The task: The output should match, line for line, the records from the line containing "Signature Design by" through the line containing "Local records section", with every picture left out.

Record extracts:
****************

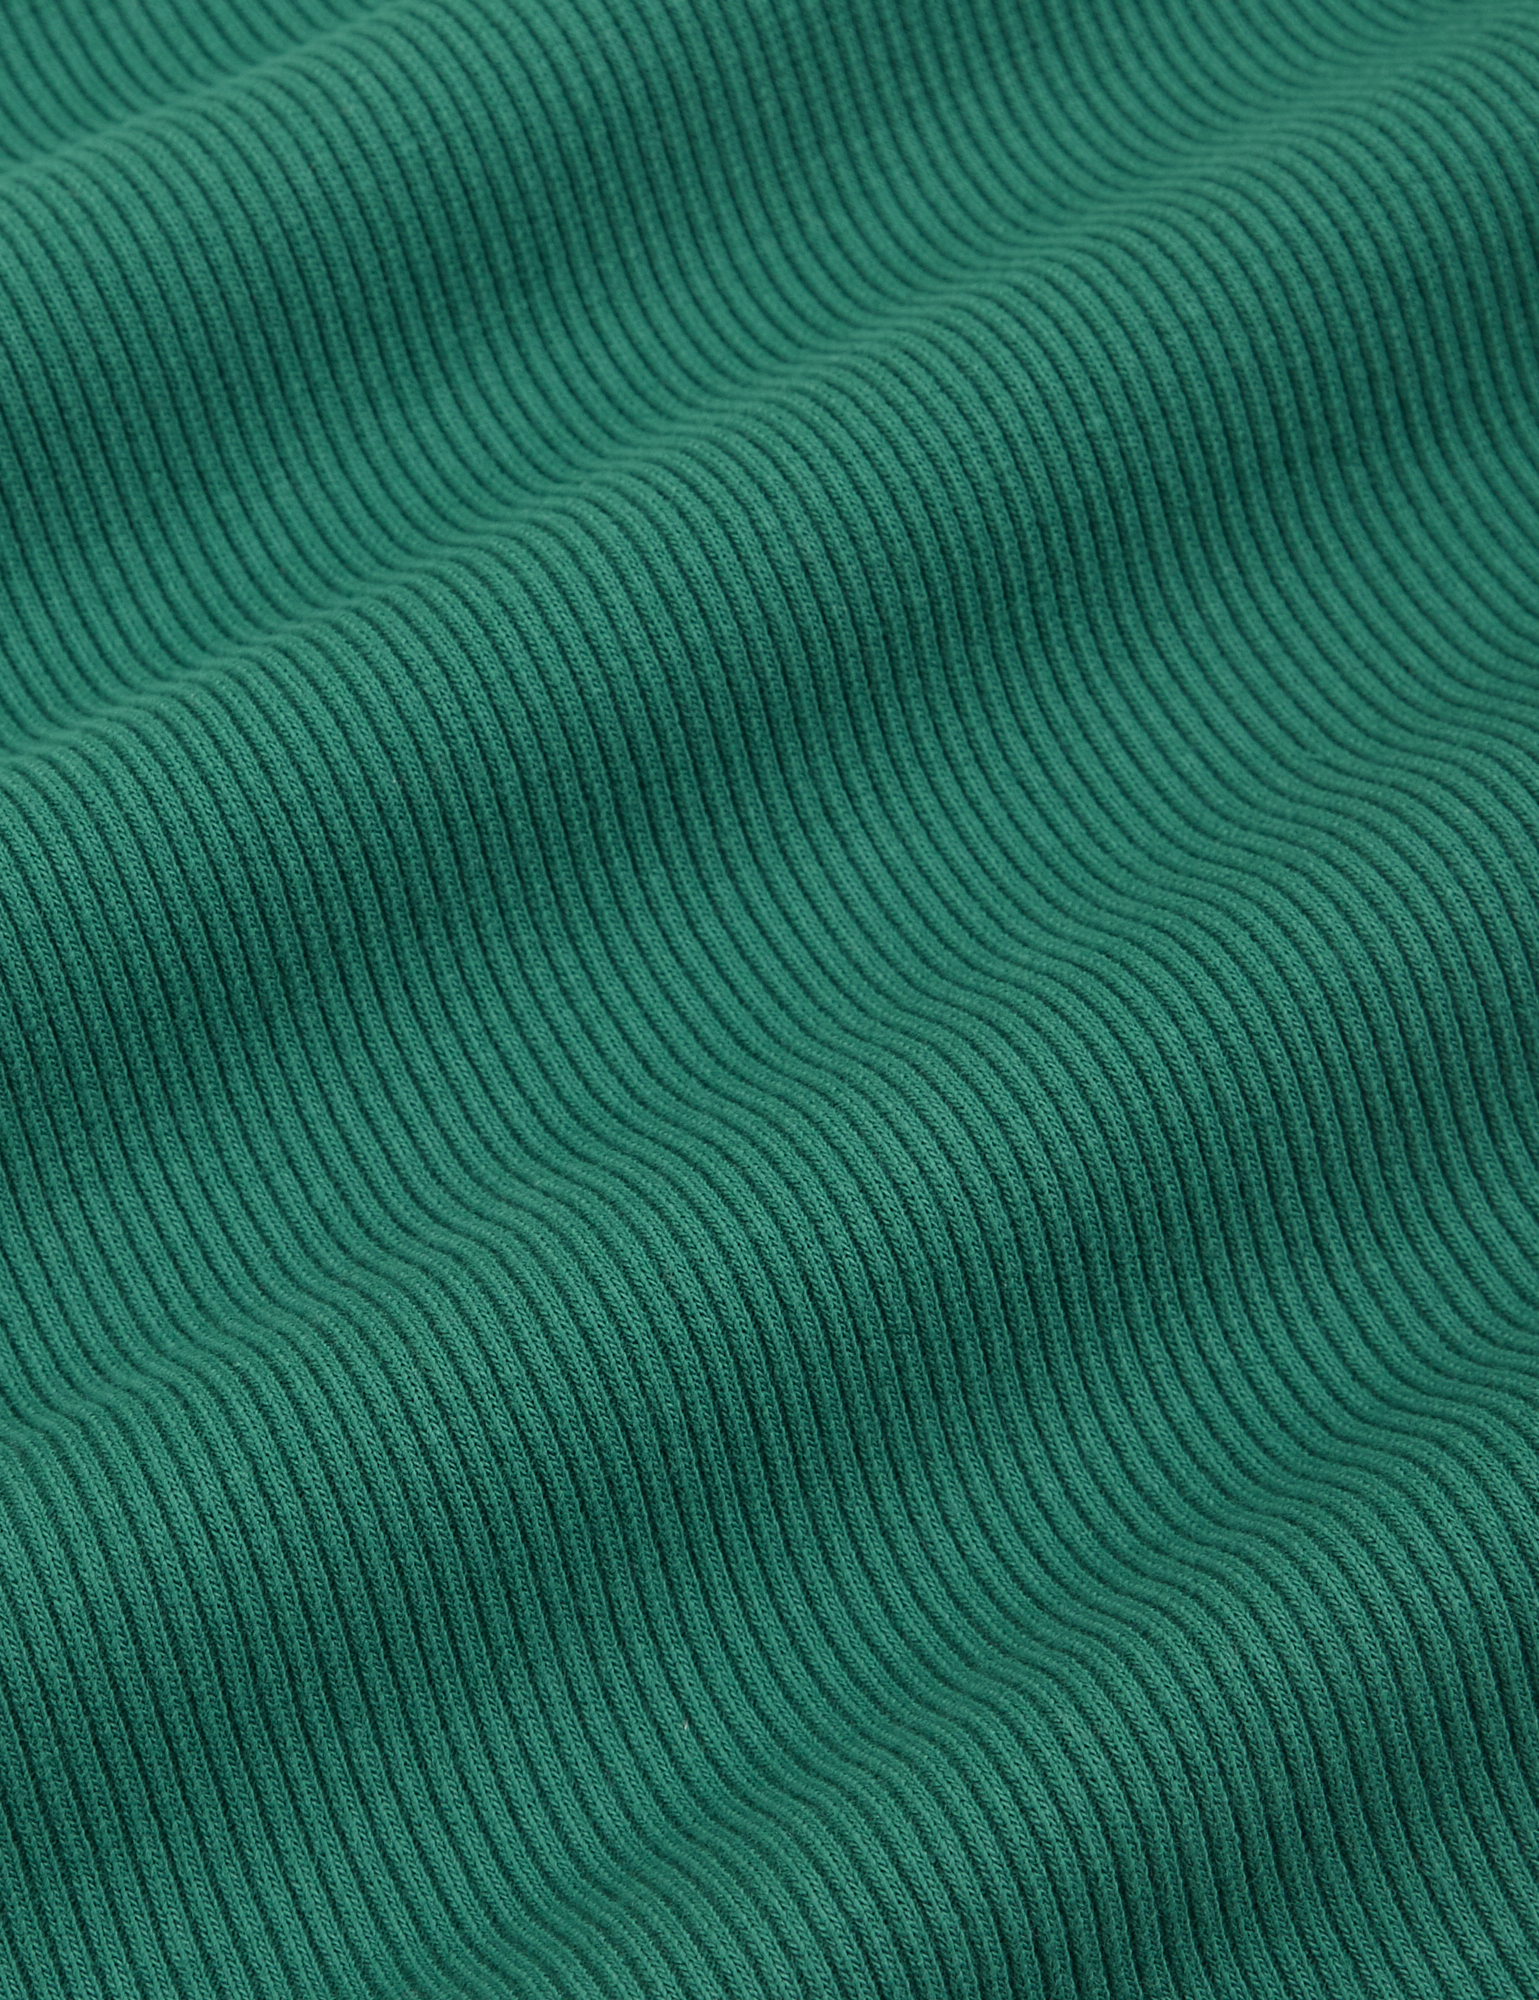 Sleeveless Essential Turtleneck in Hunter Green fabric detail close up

****************

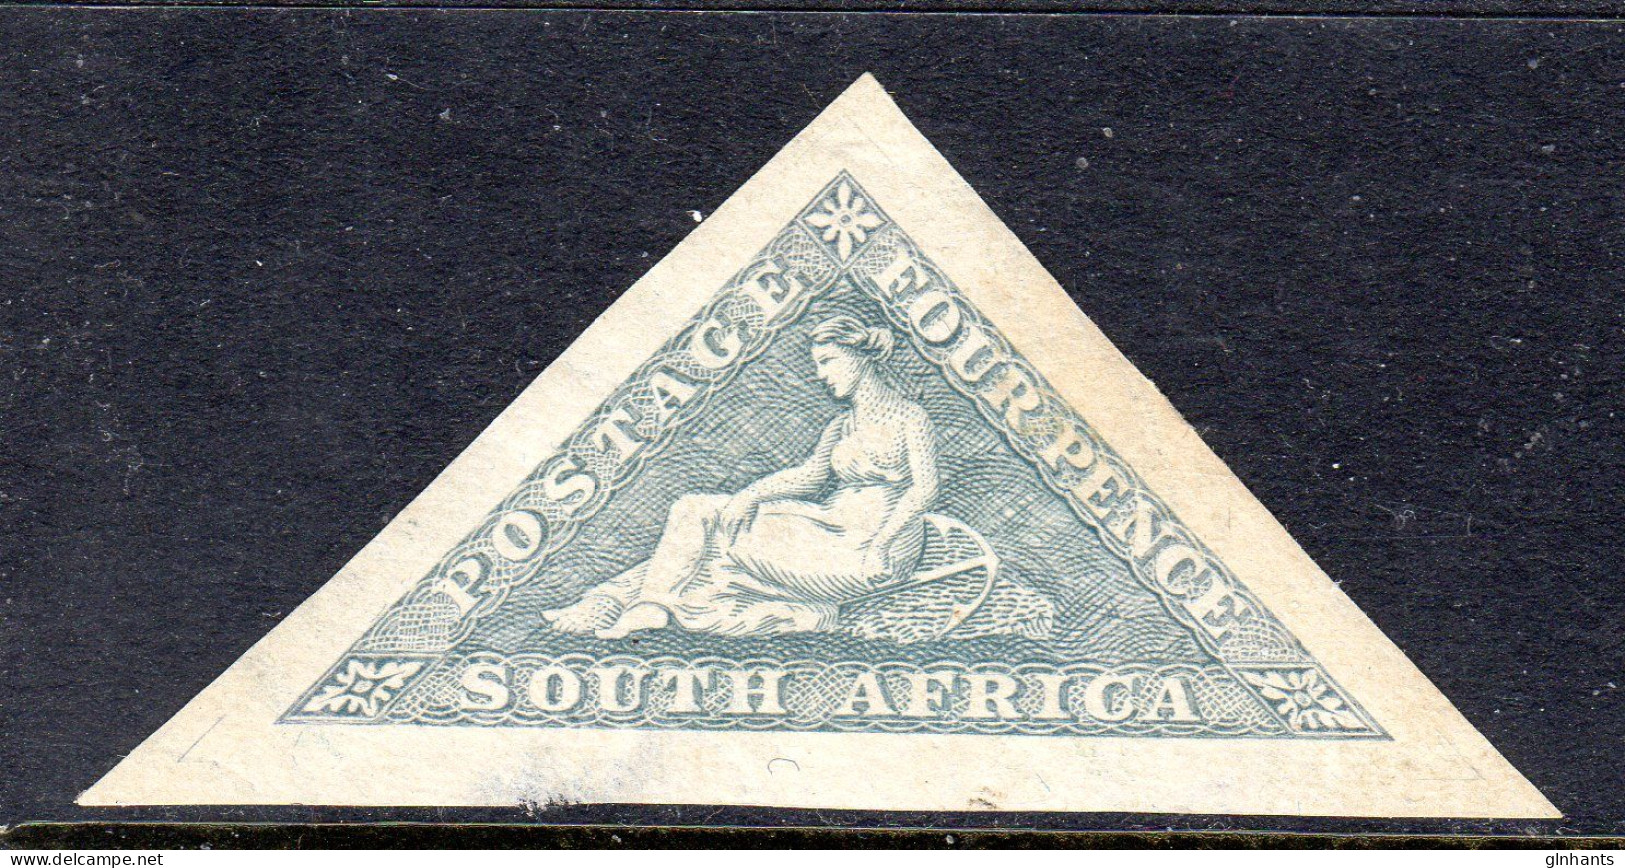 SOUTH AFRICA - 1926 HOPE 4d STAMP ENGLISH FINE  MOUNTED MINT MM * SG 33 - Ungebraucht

****************

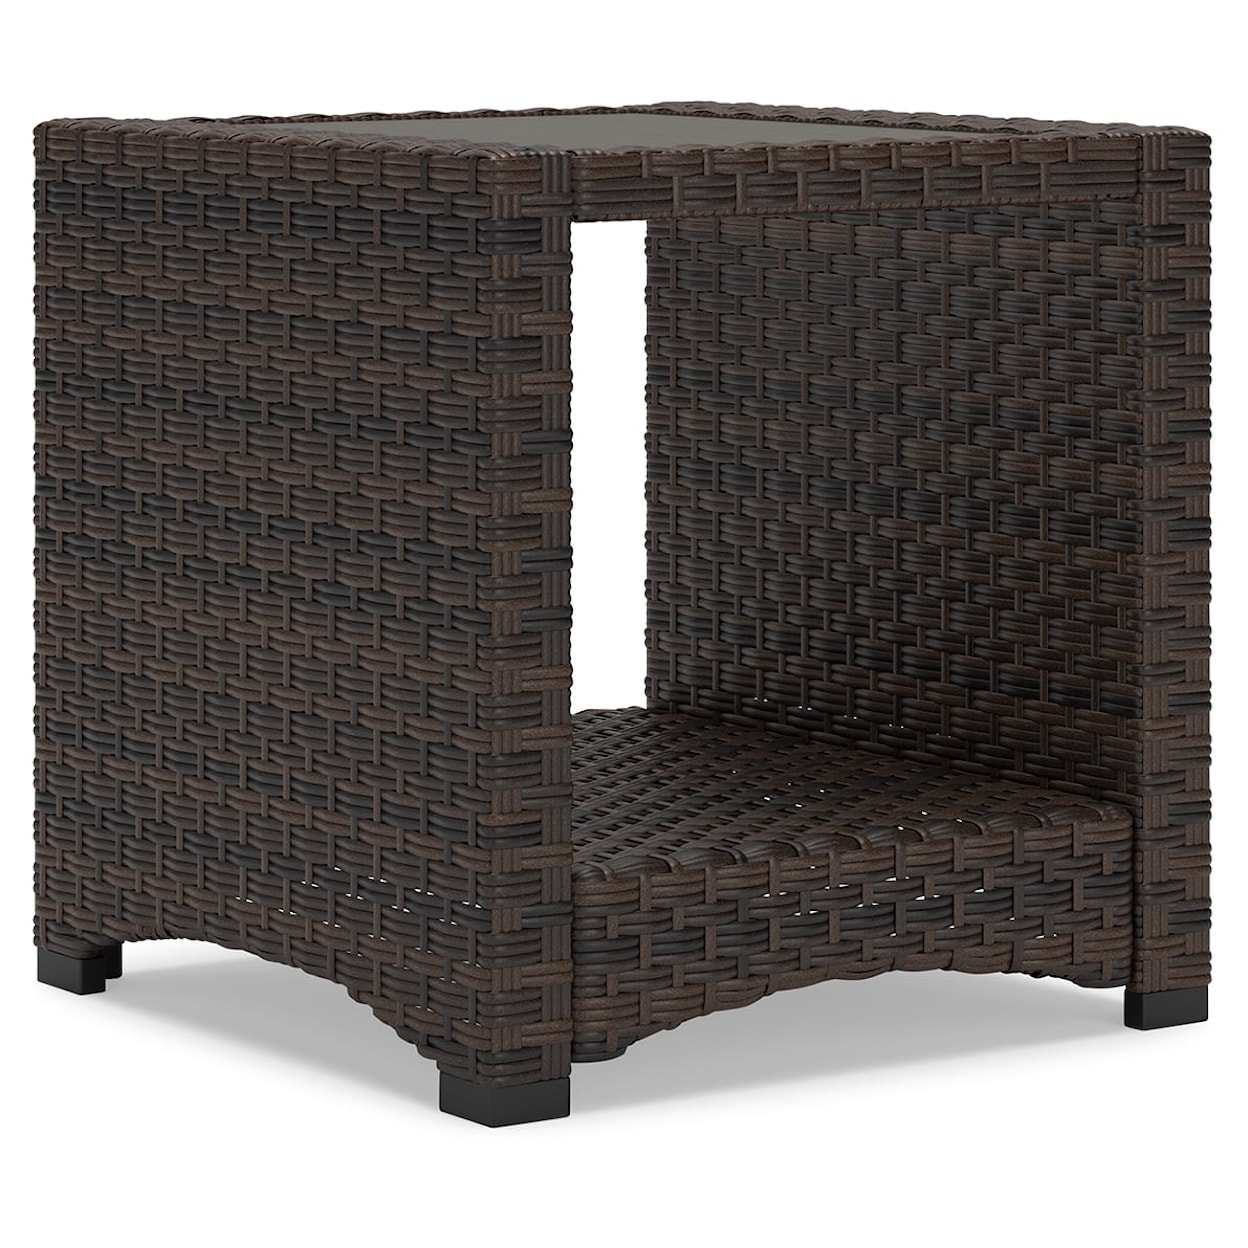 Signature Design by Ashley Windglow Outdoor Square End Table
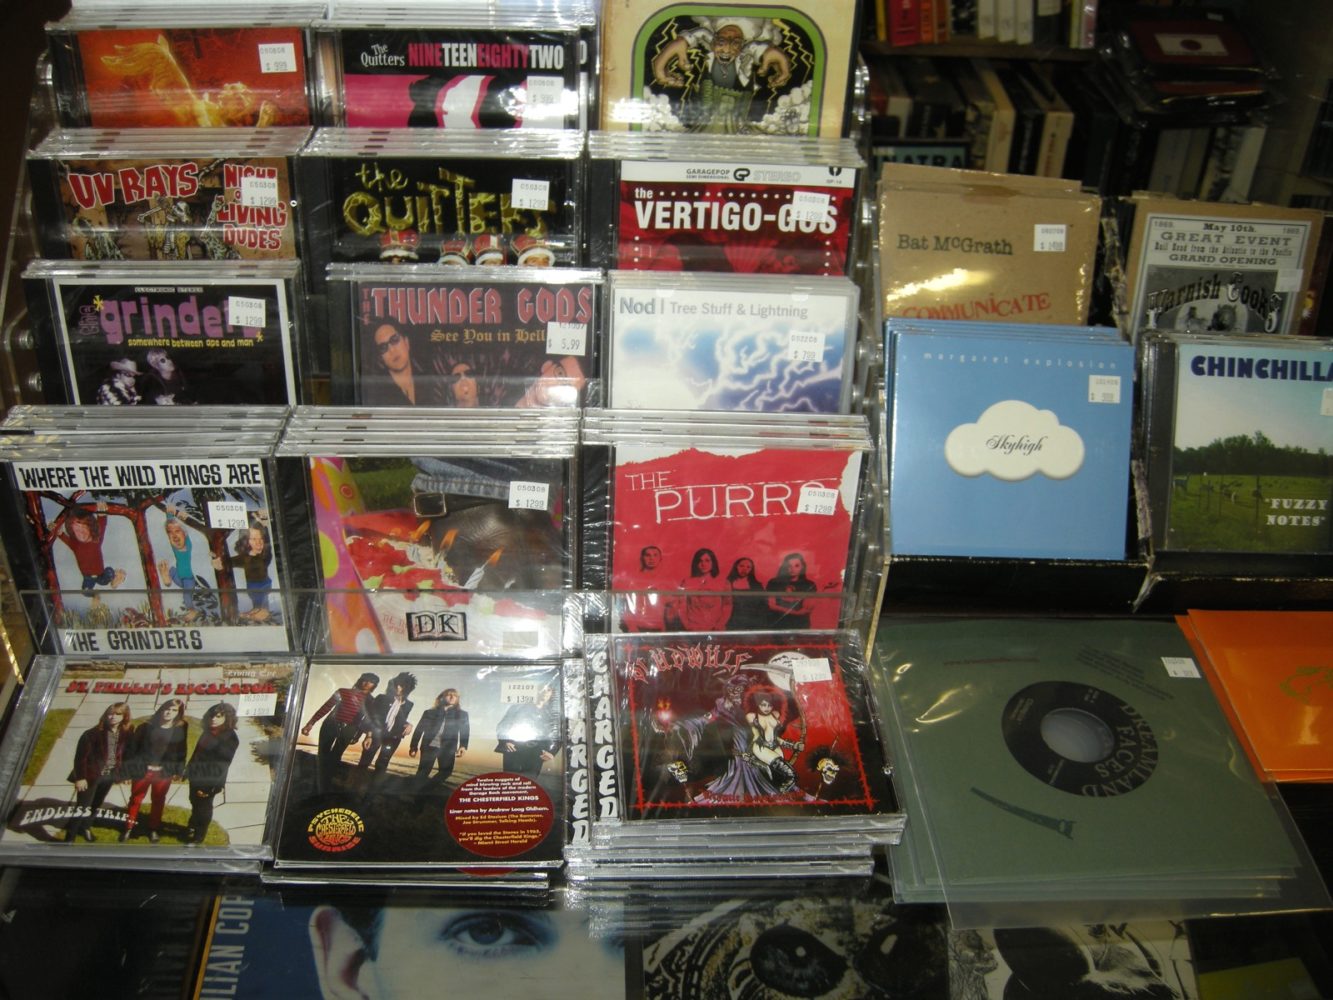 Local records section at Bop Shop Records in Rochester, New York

****************

Answer space:
 Signature Design by Ashley Windglow Outdoor Square End Table
 Local records section at Bop Shop Records in Rochester, New York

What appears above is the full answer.